Gerard was hired by Lieutenant Colonel Custer to serve at Fort Abraham Lincoln as an interpreter for his Arikara "Ree" scouts, as he was very familiar with the language from his years as a trader. He had lived in Indian country for 31 years at the time and had been involved in several battles.

About dawn on the morning of June 25, 1876, Gerard accompanied Custer and the scouts to a high bluff known as the "Crow's Nest" to view the Little Bighorn River valley below. The scouts could see dust kicked up by an immense pony herd, and claimed to see hundreds of lodges, indicating the presence of thousands of Indians. Custer was unable to see what they were describing and was unwilling to listen to their cautions. Not long afterwards, Gerard rode to a small knoll and saw 40 Indians riding off at the gallop. He shouted back to Custer, "Here are your Indians, running like devils!"

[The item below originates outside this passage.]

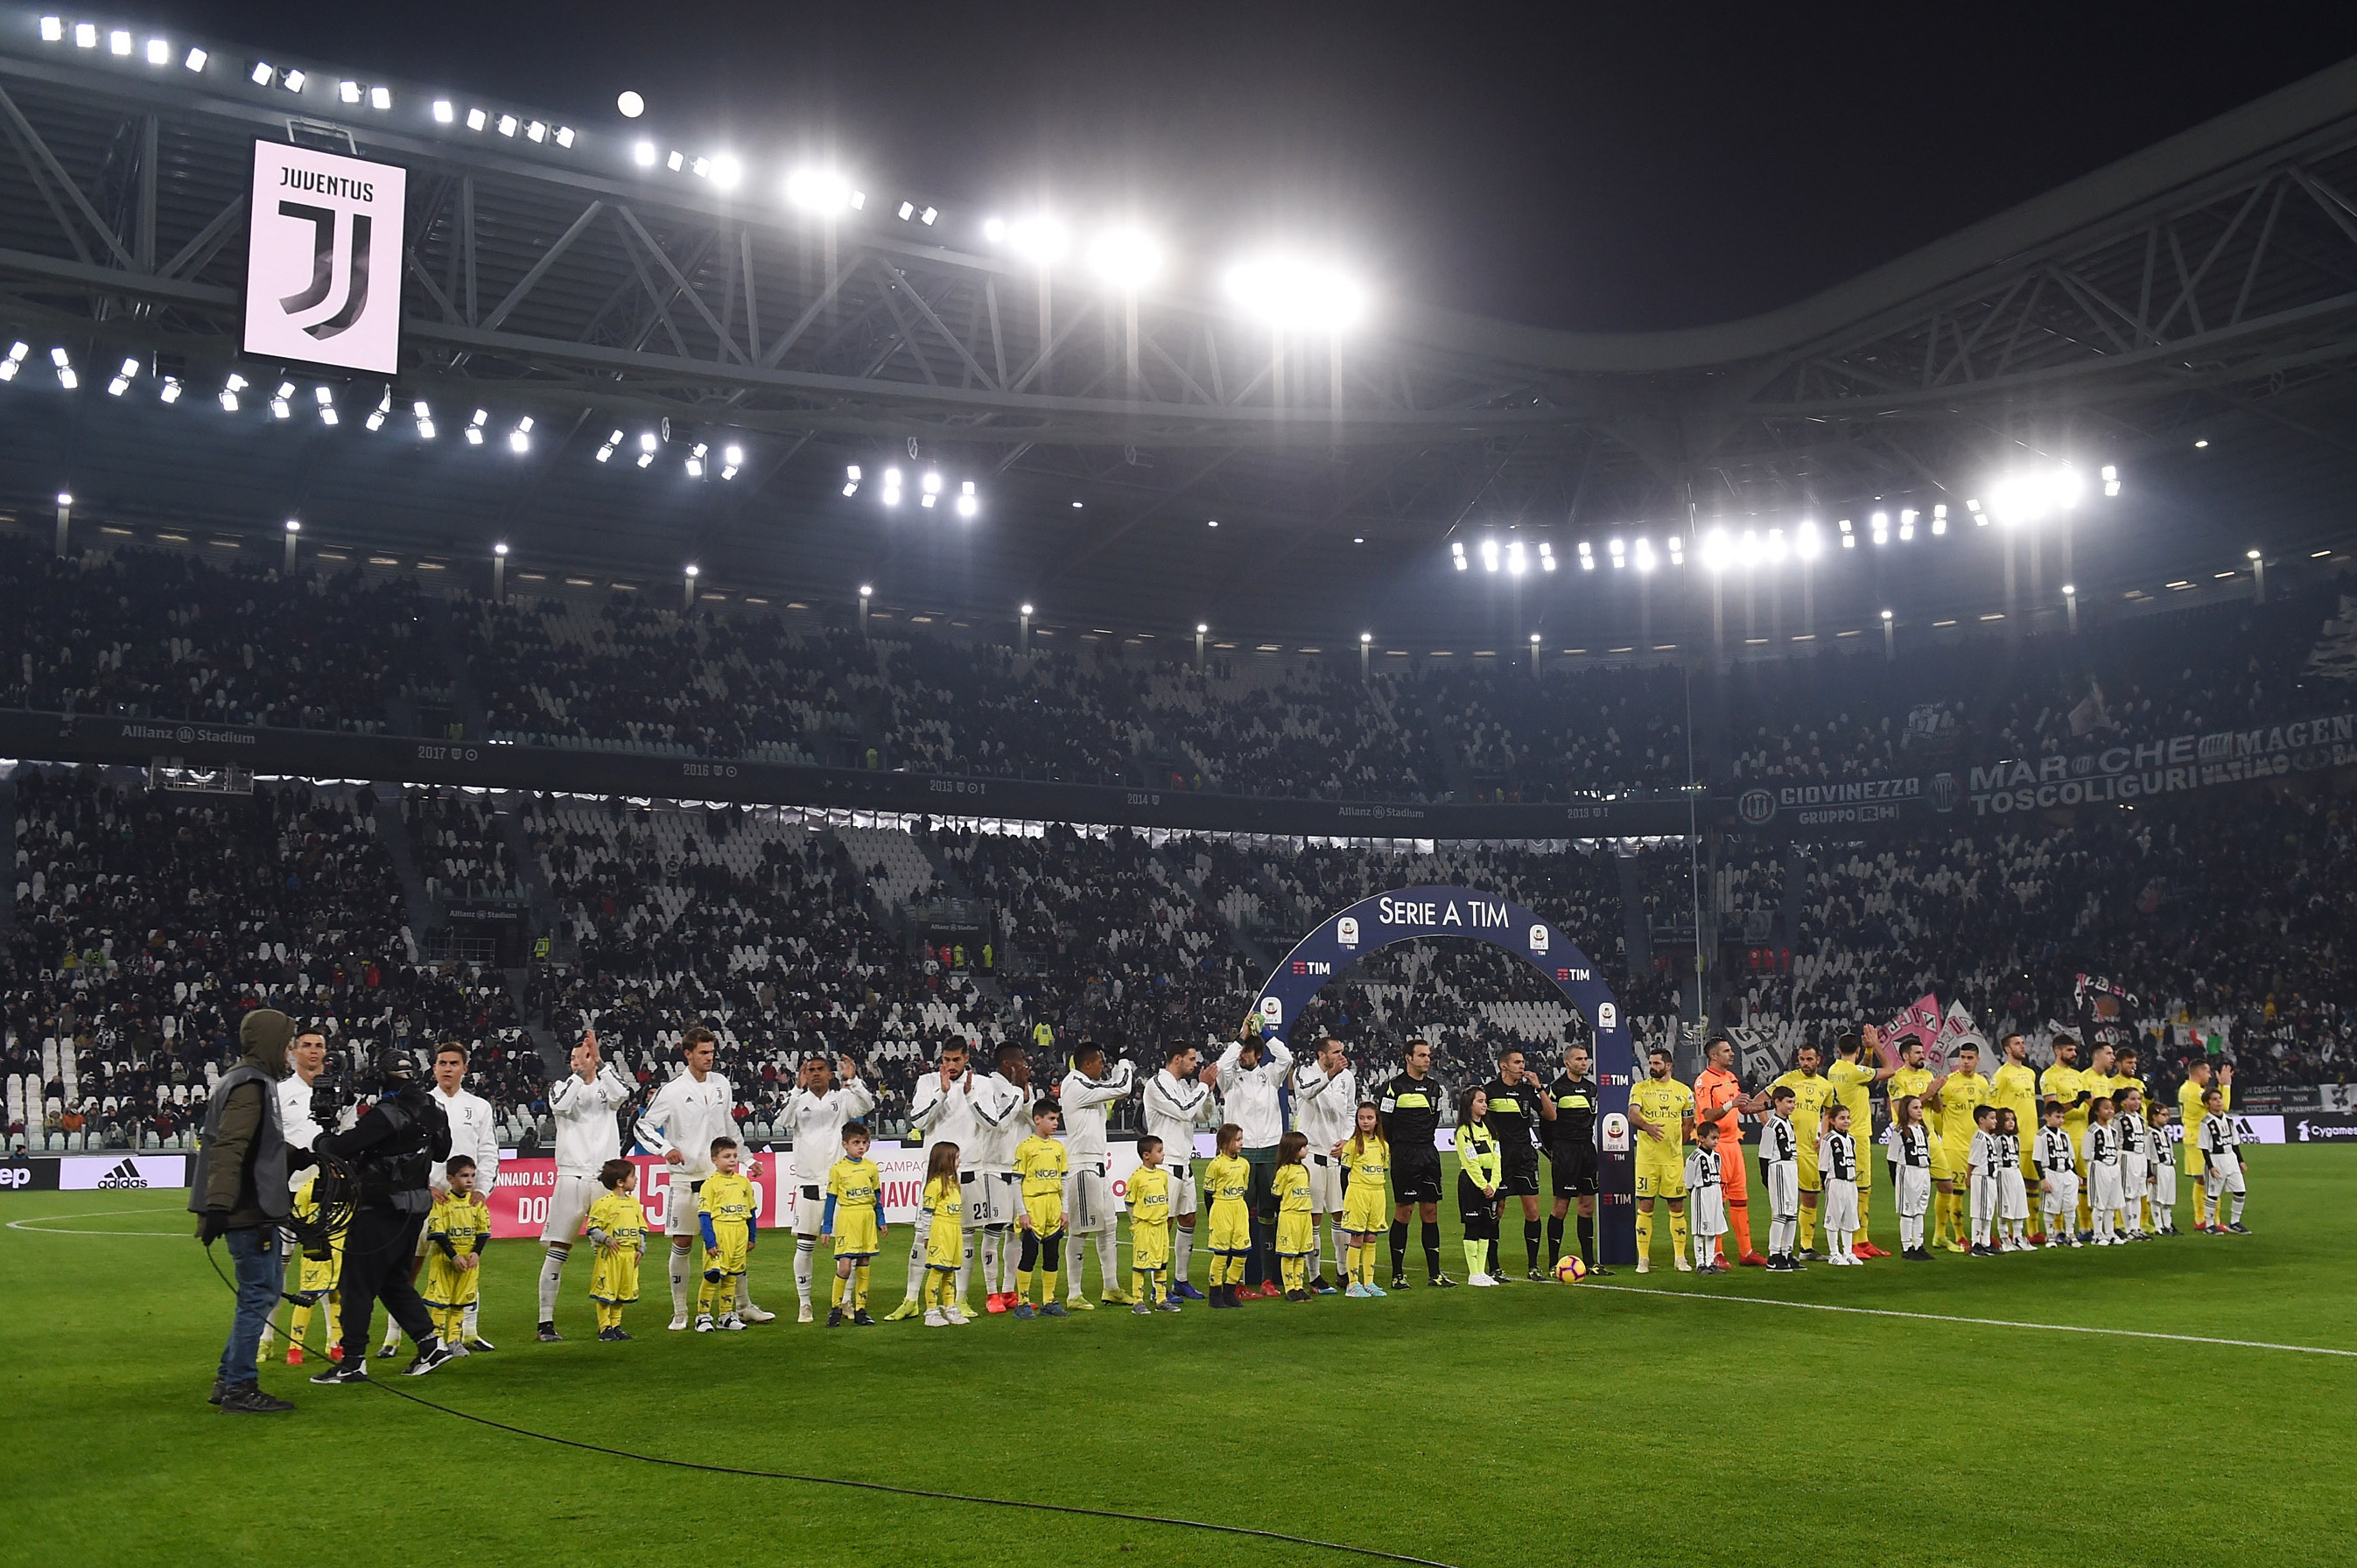 Why Are There So Many Empty Seats At Juventus Home Games

Custer soon divided his company into four detachments and attacked. As Major Marcus Reno's battalion, Gerard, and the Rees forded the river, to their surprise they saw large swarms of mounted warriors riding towards them to give battle instead of fleeing at the approach of the cavalry as Custer had presumed. Gerard turned back and overtook Custer's adjutant, Lieutenant William W. Cooke and Captain Myles Keogh, another officer from Custer's column who had accompanied Reno as far as the river. Explaining that the Indians were not fleeing at all but were coming out to fight, Gerard wheeled to rejoin Reno. Cooke and Keogh rejoined Custer and were killed with him and the companies he led.

When Reno retreated to the bluffs from the timber, Gerard was one of about a dozen men left behind. He and Billy Jackson joined Lt. Charles DeRudio and Private Thomas O'Neill, and the four of them spent the rest of the 25th and most of the 26th hiding in the woods. About midday on the 26th, they were discovered by some Indians, and Gerard and Jackson, who had retained their horses, rode off to draw the Indians away from DeRudio and O'Neill, who had lost their mounts.

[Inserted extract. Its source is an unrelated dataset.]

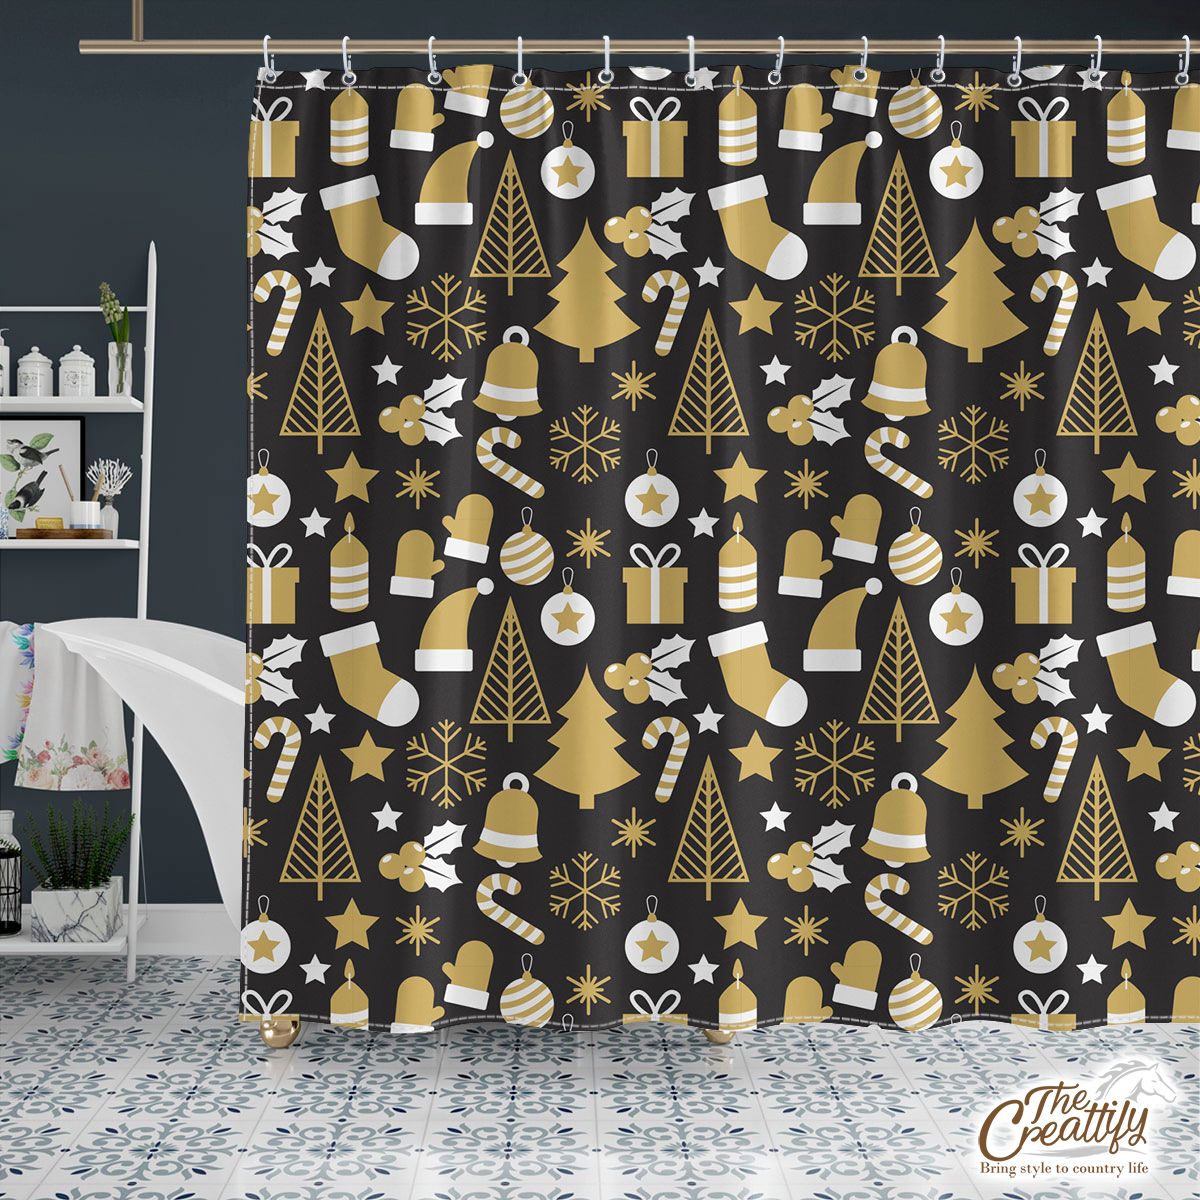 White And Gold Christmas Socks, Christmas Tree, Candy Cane On Black Background Shower Curtain

Gerard served as Dr. Henry Porter's surgical assistant on Reno Hill. Gerard survived the battle and later testified before the Reno Court of Inquiry. In the official transcripts of the Reno Inquiry, his name is misspelled as "Girard".

==Later years==
In the years following the battle, Gerard returned to civilian life. In the 1880s, he opened a store in Mandan, North Dakota, served on the board of commissioners for Morton County, was appointed the first assessor for the county, and operated a ferry across the Heart River.

In 1890, the Gerard family moved to Saint Paul, Minnesota, where Fred worked in advertising for the Pilsbury Baking Company.

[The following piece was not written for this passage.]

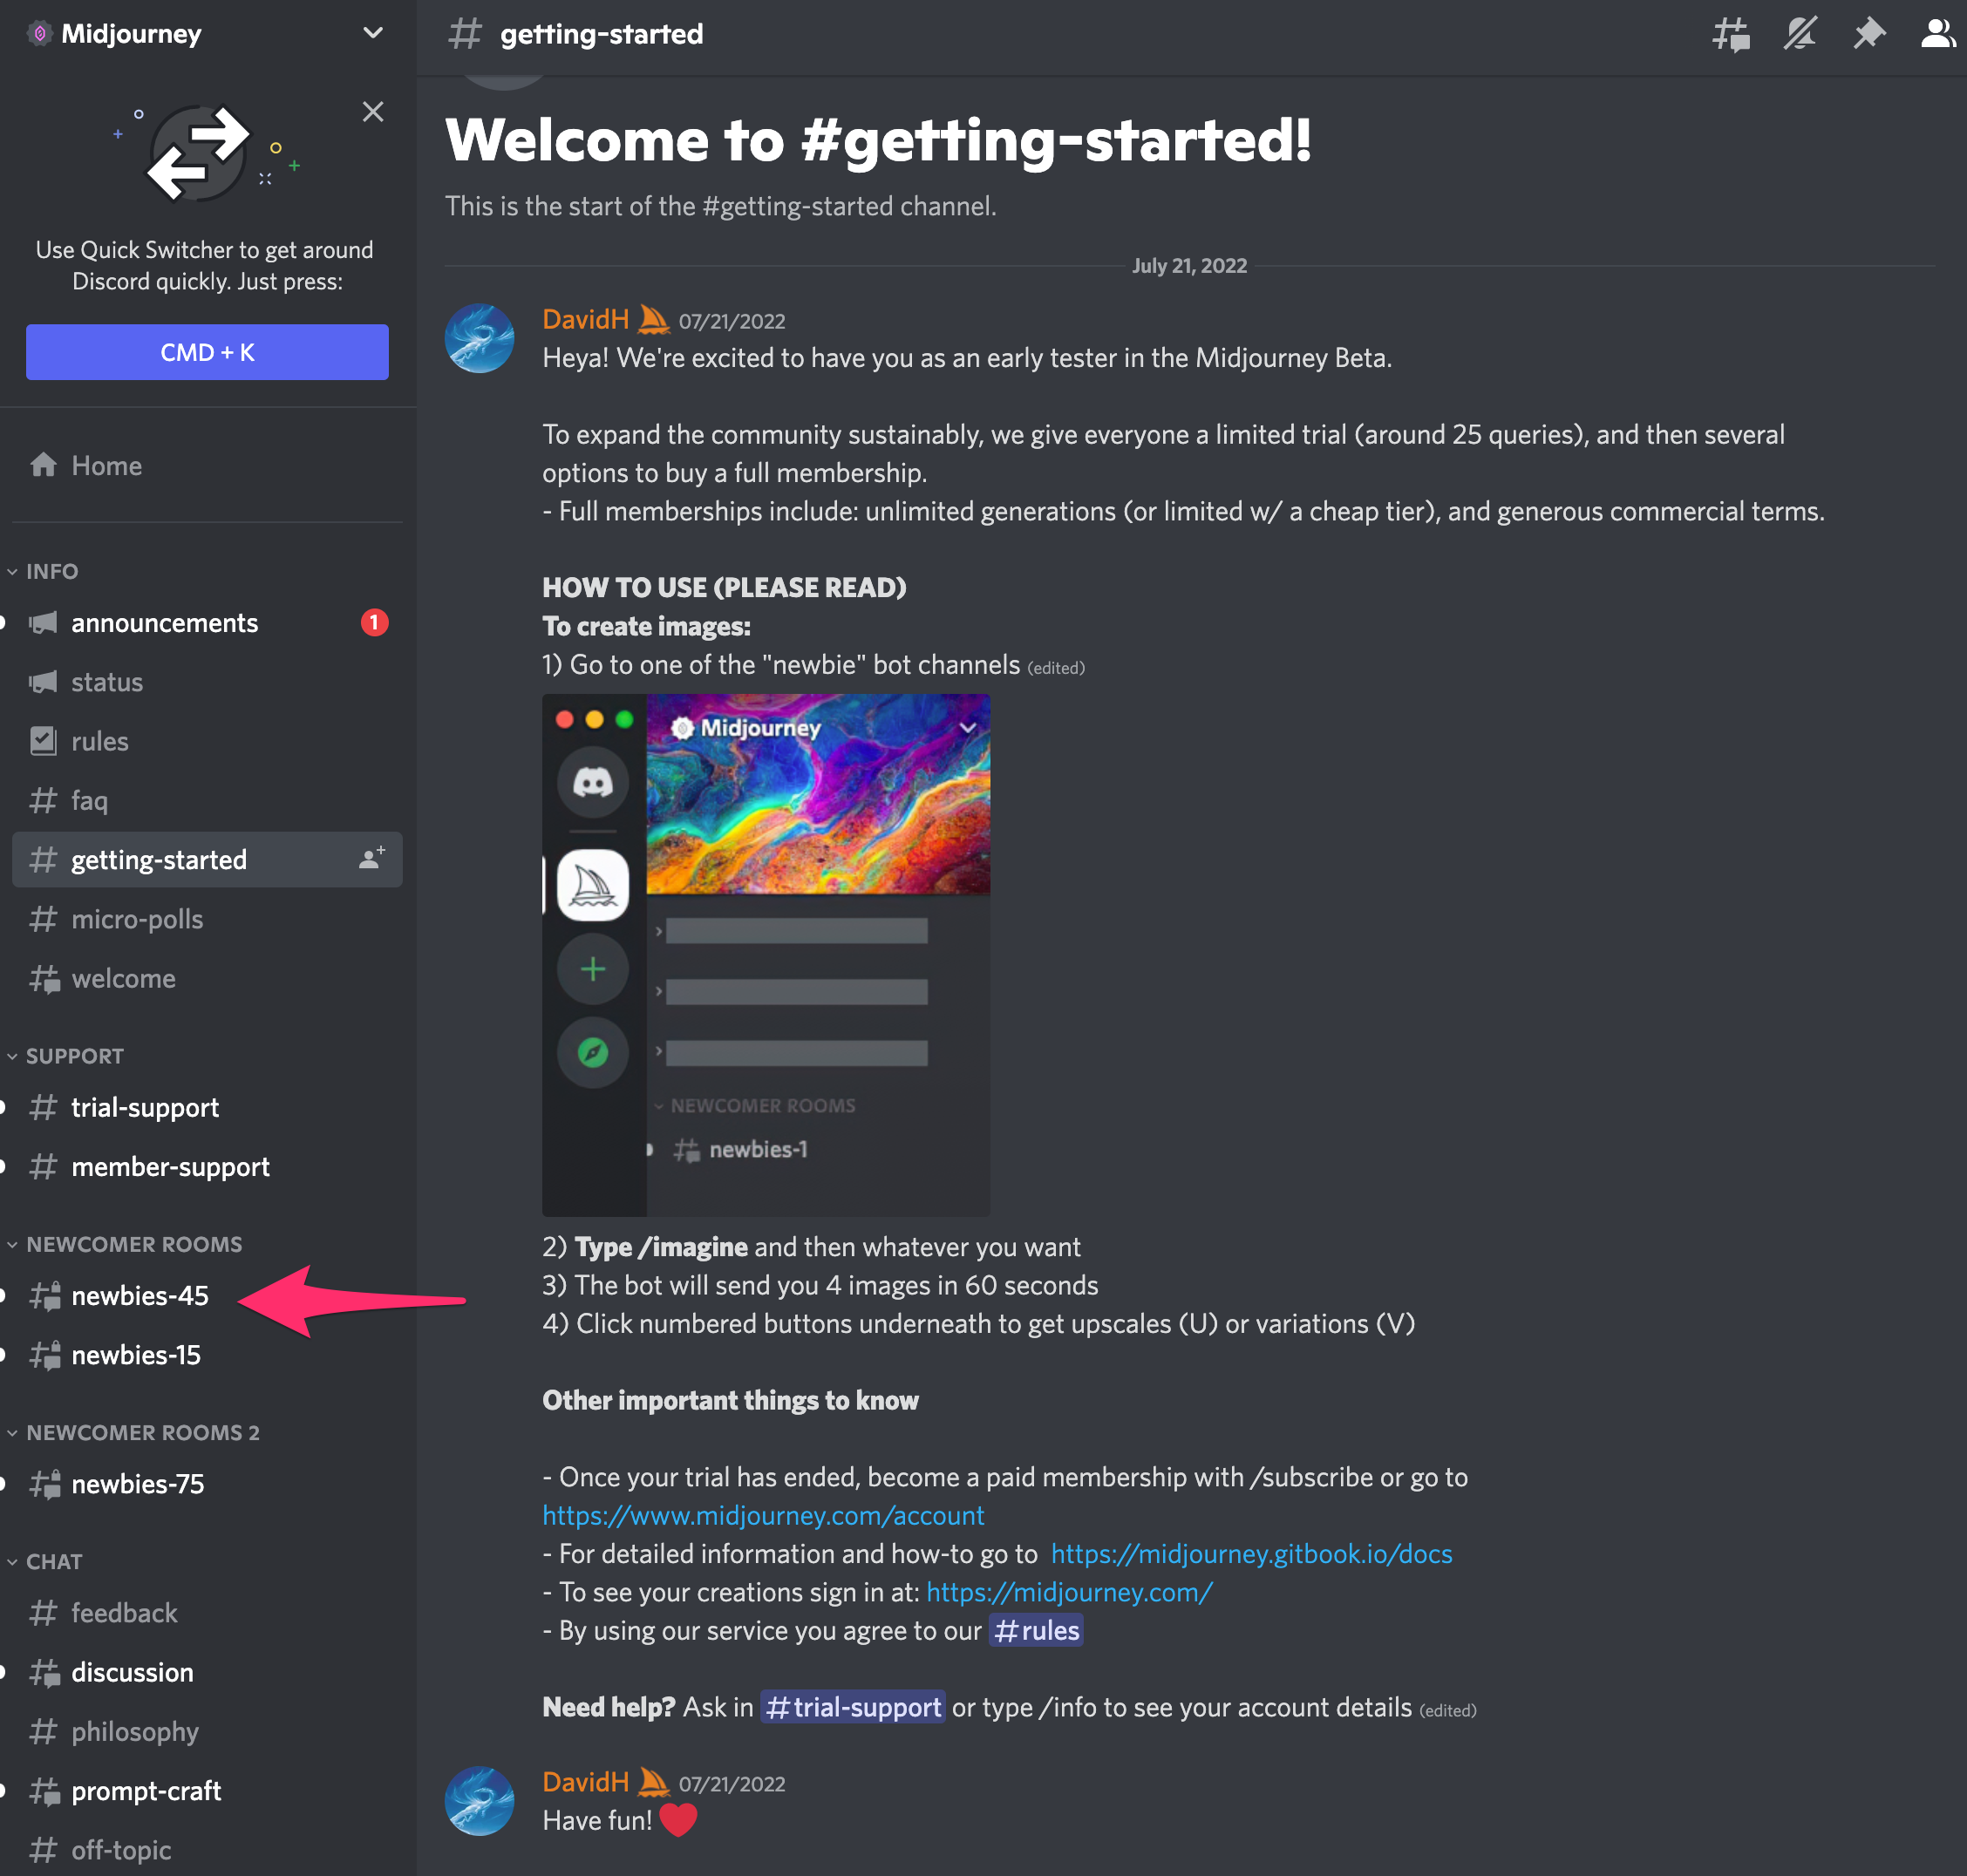 A screenshot of the Discord Midjourney getting-started screen

In 1912, Gerard gave his account of the Little Bighorn Battle to writer Fred Dustin, who was compiling personal narratives from survivors. He died in St. Cloud, Minnesota on January 30, 1913, less than a year later after being interviewed. The last few months of his life were spent in the care of the Benedictine nuns at St. Cloud, where two of his daughters lived and worked.

==Family==
While at Fort Berthold in Dakota Territory, Gerard was for a time married to an Indian woman, the sister of a warrior named Whistling Bear. Her name was Helena Catherine also known as Katie Red Bull, and together they had three daughters: Josephine, Carrie, and Virginia. In 1874, the girls were sent to a Catholic boarding school. Josie and Virginia later joined the Catholic Benedictine Order convent in St. Joseph, Minnesota.

In the late 1860s or early 1870s, Gerard's companion was a woman of the Blackfeet Nation, and together they had one son: Frederic.

In 1879, he married Ella S. Waddell, and together they had four children: Frederic, Birdie, Charles, and Florance.

==Representation in other media==
Actor Eric Lawson portrayed Fred Gerard in the 1991 film Son of the Morning Star.